The processing process of the line-of-sight prediction model includes:

Performing feature information extraction in the left-eye image and the right-eye image respectively to obtain left-eye feature information and right-eye feature information;

Performing fusion processing on the left eye feature information and the right eye feature information to obtain binocular feature information;

The binocular feature information and the head posture are fused to obtain the attention direction of the line of sight.
The method for detecting a region of interest according to any one of claims 1 to 5, characterized in that it is determined according to the attention direction of the line of sight, the coordinates of the center point of the left eye pupil, and the coordinates of the center point of the right eye pupil.
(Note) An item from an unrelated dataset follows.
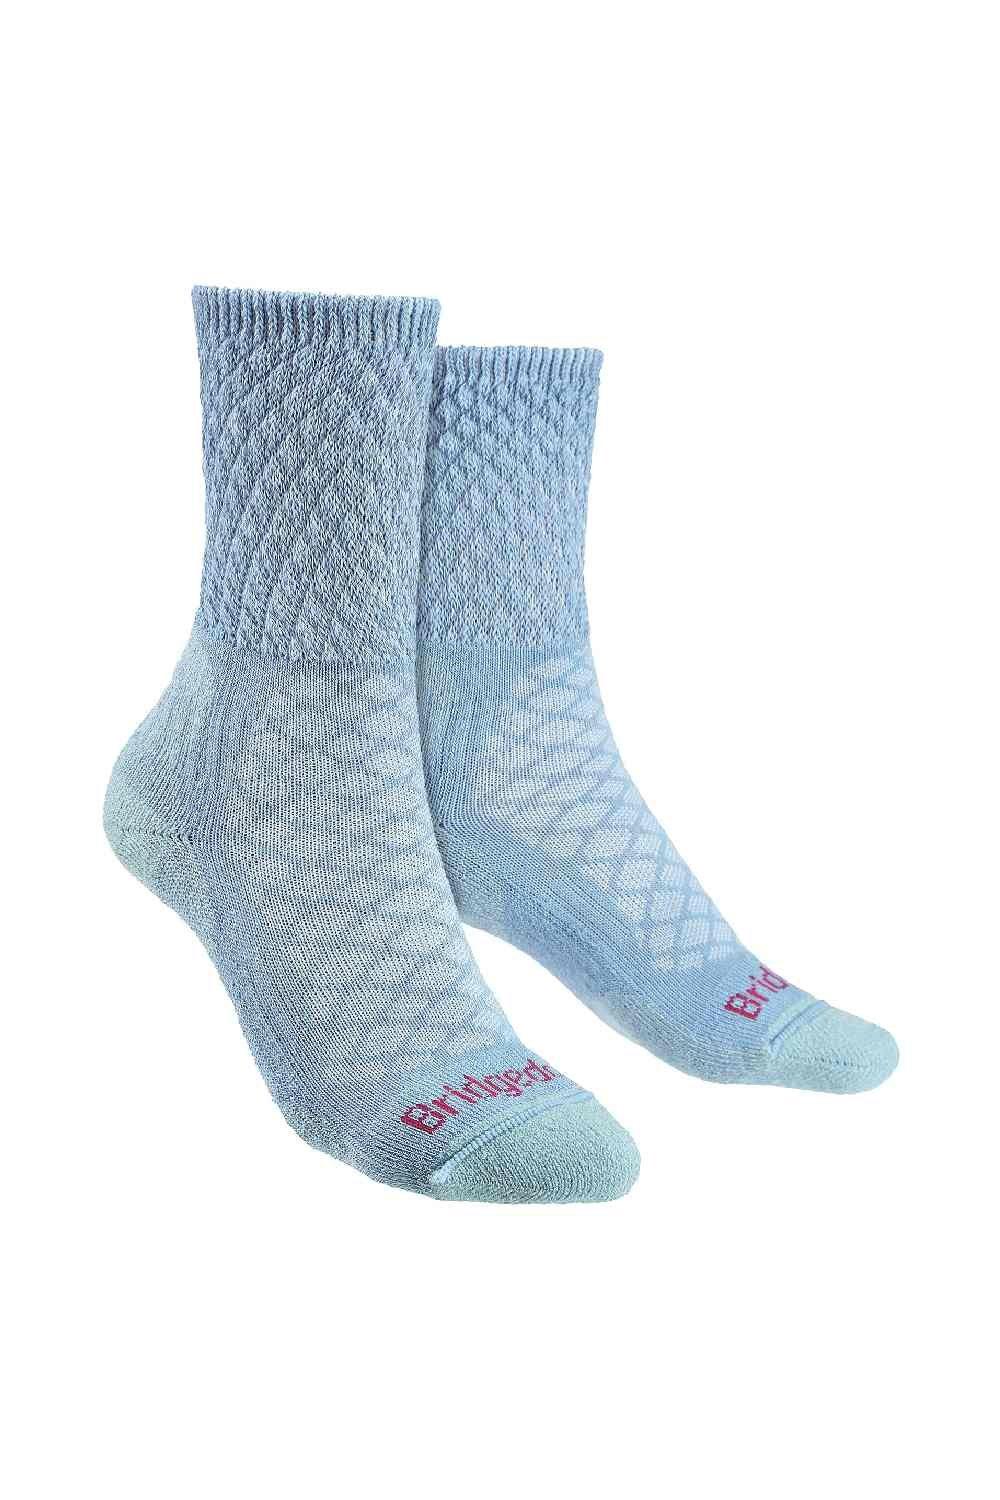 Merino Wool Hiking Lightweight Cushioned Boot Socks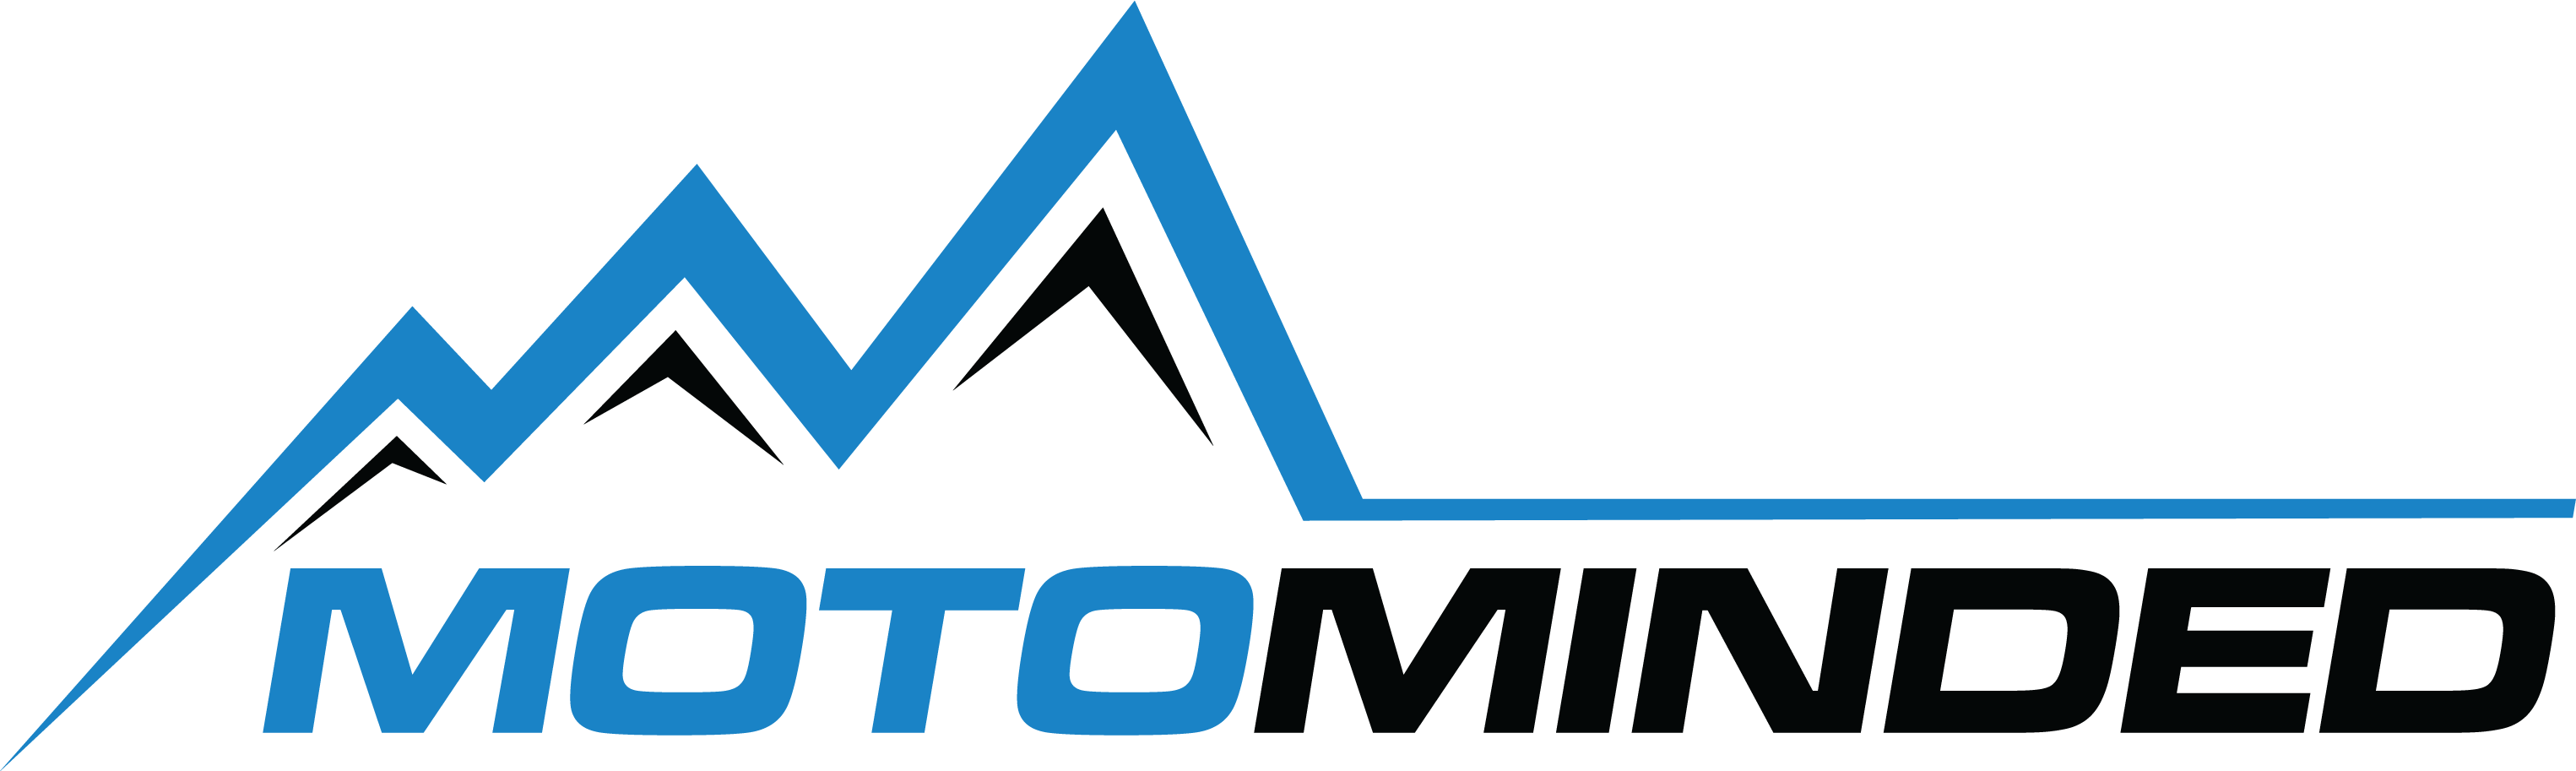 MotoMinded logo

After focusing on the eye area, it also includes:

Extracting face feature information in the target face image;

Determining user information corresponding to the target face image according to the facial feature information;

Determining the screen display information corresponding to the eye focus area;

Establish a corresponding relationship between the user information and the screen display information.
A detection device for a region of interest, which is characterized in that it comprises:

The face image acquisition module is used to acquire the target face image to be detected;

A head posture calculation module for calculating the head posture of the target face image;

An eye image extraction module for extracting left eye images and right eye images in the target face image;

A sight attention direction determining module, configured to determine the sight attention direction according to the left-eye image, the right-eye image, and the head posture;

An eye key point detection module, configured to detect key eye points in the left eye image and the right eye image to obtain the coordinates of the center point of the left eye pupil and the coordinates of the center point of the right eye pupil;

The eye area of interest determination module is configured to determine the eye area of interest according to the eye-focusing direction, the coordinates of the center point of the left eye pupil, and the coordinates of the right eye pupil center point.
The device for detecting a region of interest according to claim 7, wherein the module for determining the region of interest of the eye comprises:

A center point coordinate calculation sub-module, configured to calculate the coordinates of the center point of the pupils of both eyes according to the coordinates of the center point of the left eye pupil and the coordinates of the center point of the right eye pupil;

A point-to-surface distance calculation sub-module for calculating the point-to-surface distance between the center point of the pupils of the two eyes and a preset screen according to the coordinates of the center points of the pupils of the two eyes;

An eye point of interest coordinate calculation sub-module, configured to calculate the coordinates of the eye point of interest according to the attention direction of the line of sight, the coordinates of the center points of the pupils of the two eyes, and the distance between the points;

The eye area of interest determination sub-module is used to determine the eye area of interest according to the coordinates of the eye point of interest.
A computer-readable storage medium, the computer-readable storage medium stores a computer program, wherein the computer program is executed by a processor to realize the area of interest detection according to any one of claims 1 to 6 Method steps.
A terminal device, comprising a memory, a processor, and a computer program stored in the memory and running on the processor, wherein the processor executes the computer program as claimed in claims 1 to Steps of the region of interest detection method described in any one of 6.